Blueberry-Peach Jam

I used the recipe at Blueberry-Recipe.com, but it did not set well. I don’t know if I goofed or if it is the recipe. I will, eventually, remake the batch. Some people like their jam with a syrup consistency.

In the past I used a Blueberry-Nectarine Jam recipe from Kraft Foods, but that recipe is no longer available on their website. The original (copied from their site) follows:

Total Time: 45 min
Makes: About 8 (1-cup) jars or 144 servings, 1 Tbsp. each

4 cups prepared fruit (2 c blueberries, 2 c nectarines)
1 Tbsp.  fresh lemon juice
7 cups sugar, measured into separate bowl
1/2 tsp.  butter or margarine
1 pouches CERTO Fruit Pectin

BRING boiling-water canner, half full with water, to simmer. Wash jars and screw bands in hot soapy water; rinse with warm water. Pour boiling water over flat lids in saucepan off the heat. Let stand in hot water until ready to use. Drain well before filling.
STEM and crush blueberries thoroughly, one layer at a time. Measure exactly 4-1/2 cups prepared blueberries into a 6- or 8-qt. sauce pot. Stir in lemon juice.
STIR sugar into prepared blueberries in sauce pot. Add butter to reduce foaming. Bring to full rolling boil (a boil that doesn’t stop bubbling when stirred) on high heat, stirring constantly. Stir in pectin. Return to full rolling boil and boil exactly 1 min., stirring constantly. Remove from heat. Skim off any foam with metal spoon.
LADLE immediately into prepared jars, filling to within 1/8 inch of tops.

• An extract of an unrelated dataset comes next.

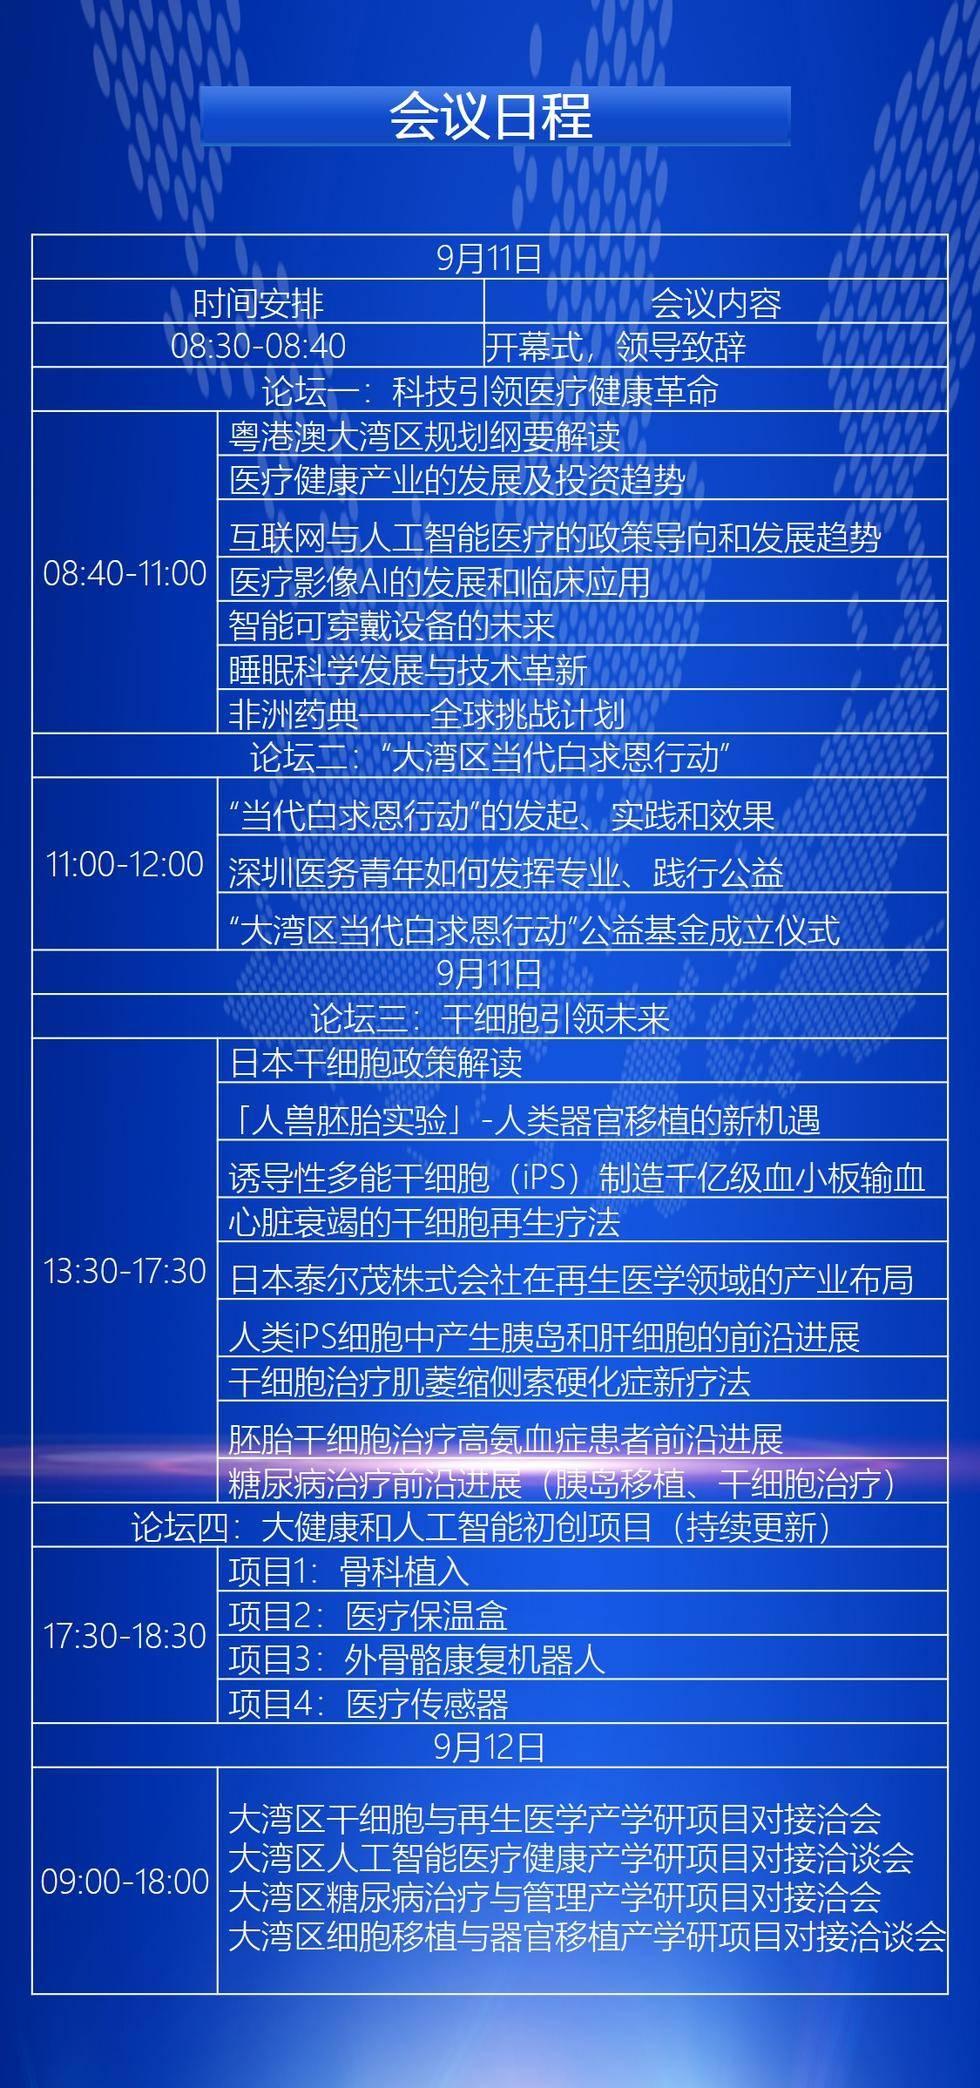 5 会议日程.jpg
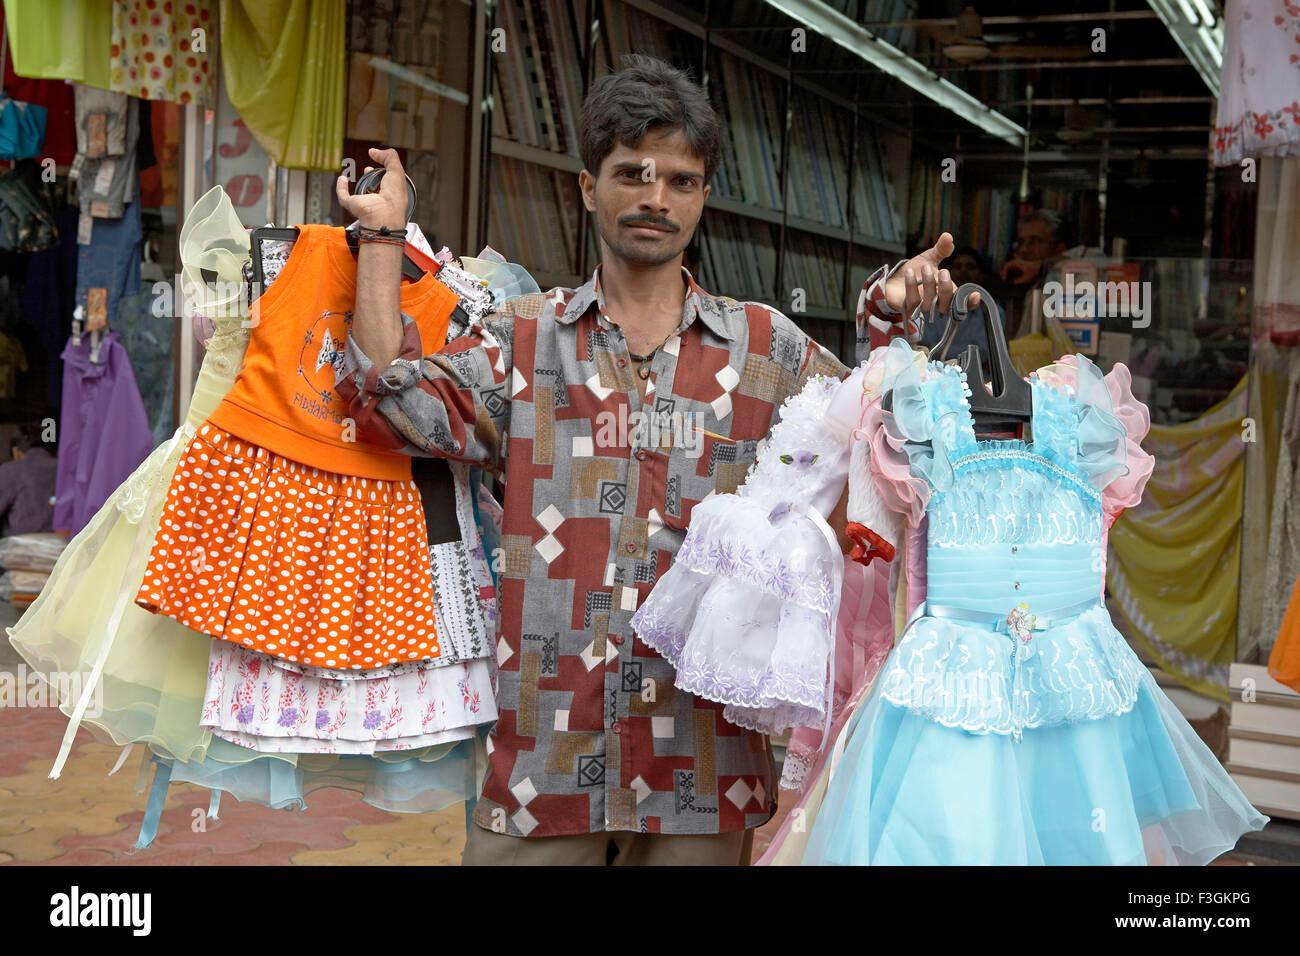 Un hawker visualizza Pronta abiti indiani come egli cammina lungo una  strada trafficata   Mumbai Bombay 21a825d6e73

Wipe jar rims and threads. Cover with two-piece lids. Screw bands tightly. Place jars on elevated rack in canner. Lower rack into canner. (Water must cover jars by 1 to 2 inches. Add boiling water, if necessary.) Cover; bring water to gentle boil. Process 10 min. Remove jars and place upright on towel to cool completely. After jars cool, check seals by pressing middles of lids with finger. (If lids spring back, lids are not sealed and refrigeration is necessary.)